This page includes results we did not include in the paper and experiments we have processed since the papers publication. When displaying these results, we default to the tsml implementation of HC2 but may use the aeon implementation if it is more relevant, i.e., if we are testing a new component which is implemented in aeon but not tsml, such as variations on ROCKET or TSFresh.

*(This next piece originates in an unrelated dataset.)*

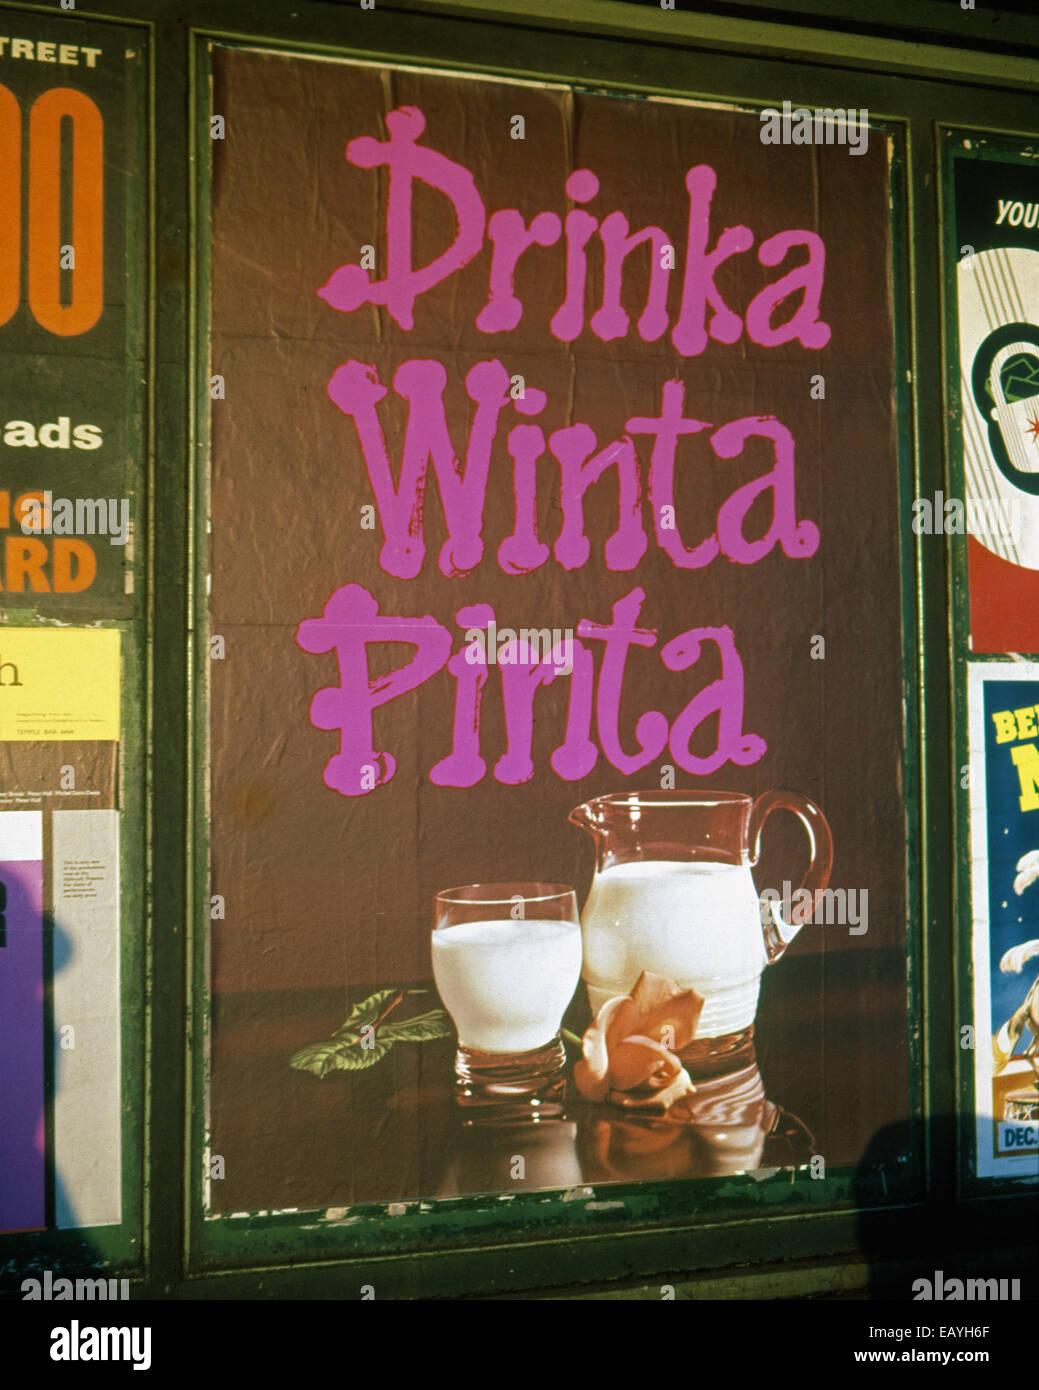 Drinka Pinta Milka Day Stock Photos Drinka Pinta Milka Day Stock

We provide two implementations of the HIVE-COTE 2.0 algorithm. One Java implementation in the tsml package, and another in the Python aeon package. We compare both our implementations of HC2 and its components (as of 18/03/2022). As the aeon package develops, the implmentations may become more efficient.
tsml results:
HC2 | DrCIF | TDE | STC | Arsenal | |
---|---|---|---|---|---|
Accuracy | 0.8912 | 0.8637 | 0.8589 | 0.8585 | 0.8659 |
Average Train Time (Minutes) | 187.1848 | 24.3228 | 40.3987 | 66.823 | 14.9539 |
Total Train Time (Hours) | 349.4112 | 45.4025 | 75.4109 | 124.7362 | 27.9139 |
aeon results:
HC2 | DrCIF | TDE | STC | Arsenal | |
---|---|---|---|---|---|
Accuracy | 0.8926 | 0.8637 | 0.8609 | 0.8555 | 0.8657 |
Average Train Time (Minutes) | 275.856 | 85.3483 | 45.2662 | 125.9338 | 5.0892 |
Total Train Time (Hours) | 514.9313 | 159.3168 | 84.497 | 235.0764 | 9.4999 |
None of the classifiers are significantly different from their language counterparts in terms of accuracy. The Python implementation is quite a bit slower, STC is contracted for 2 hours instead of 1. Both HC2 implementations are capable of contracting the full classifier.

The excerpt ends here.